In his first over at the start of the day, Johnson extracted sharp turn from one delivery that pitched outside off stump; not expecting much spin, Compton did not play a shot and was hit on the pads, but the umpire rejected the loud appeal for lbw. Otherwise, Len Hutton and Compton progressed steadily, although Johnson and Toshack were able to make the ball deviate regularly.

Soon after reaching his century during the afternoon, Compton edged to the slips from the bowling of Miller, but Johnson spilled the catch. Compton went on to make 184 and England were eventually out for 441 on the final day. Johnson sent down 42 overs for a return of 1/66. He had the best economy rate of 1.57 runs per over, ahead of Toshack's 1.81; Bradman used both in a defensive manner. This left Australia a target of 98, which they reached with eight wickets to spare.

Between Tests, Johnson played in the match against Northamptonshire, which started the day after the First Test. He took three middle-order wickets and ended with 3/13 from 13 overs, the most economical figures among the Australians in the first innings, as the hosts were out for 119. He made only four in the bat and took 1/46 in the second innings as Australia cruised to an innings victory. After playing in seven consecutive matches comprising 21 days of cricket between 22 May and 18 June, Johnson was rested for the second match between Tests, which was a draw against Yorkshire.

Second Test

Australia opted to field an unchanged team for the Second Test at Lord's and elected to bat first after winning the toss. Johnson came in at 5/216 on the first afternoon and struggled to score, making only four of the 30 runs added during his stay at the crease before falling at 7/246, caught behind from the bowling of Bill Edrich. However, Australia's lower order wagged and they eventually took the score to 350 on the second morning.

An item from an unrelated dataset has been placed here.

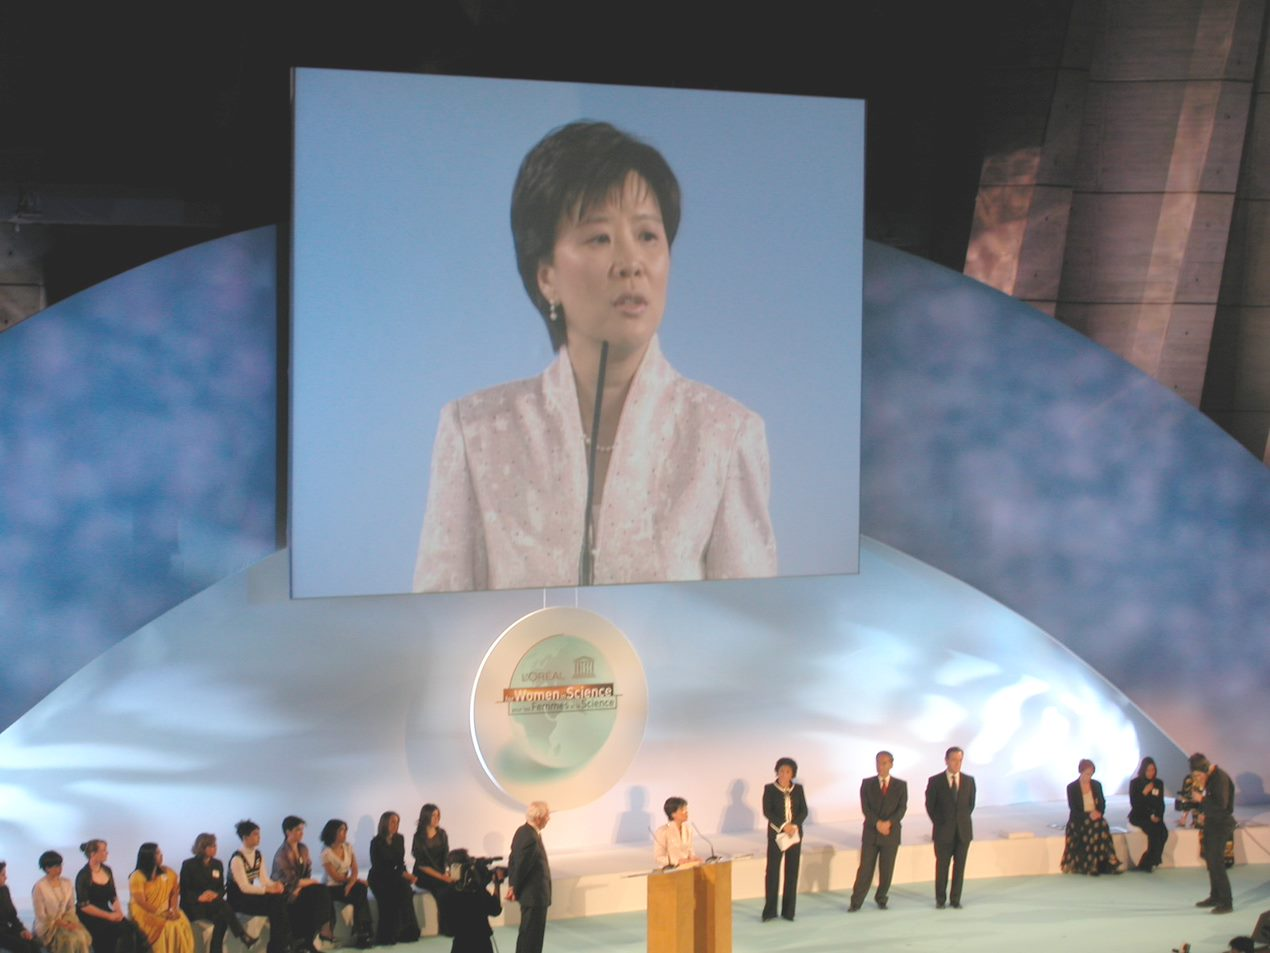 葉教授(圖中屏幕顯示)是首位獲得歐萊雅聯合國教科文組織頒發世界傑出女科學家成就獎的中國女生物科學家。

After lunch, Hutton rocked onto the front foot, played outside a Johnson off break and was bowled for 20 to leave England at 2/32. The English opener had been uncertain against Johnson's spin and played forward too early at a slower ball, which went between a gap between his bat and pad. Later in the afternoon, Denis Compton and captain Norman Yardley played Johnson cautiously but safely; in particular, Yardley repeatedly driving a series of overpitched balls from Johnson for runs. Johnson took the last two wickets to fall on the second day, having Alec Coxon caught and bowled for 19 and Laker caught behind for 28 after the pair had put on 41. England were out early on the third morning for 215. Johnson ended with 3/72, having sent down 35 overs, the most by any Australian.

The weather was fine as Australia started their second innings just after noon on the third day. Australia batted strongly and on the fourth day, Johnson came in at 6/445, with Australia already ahead by 580. He made nine before his partner Ray Lindwall was stumped, which prompted Bradman to declare at 7/460. This left England a victory target of 596, which would require a world record run chase.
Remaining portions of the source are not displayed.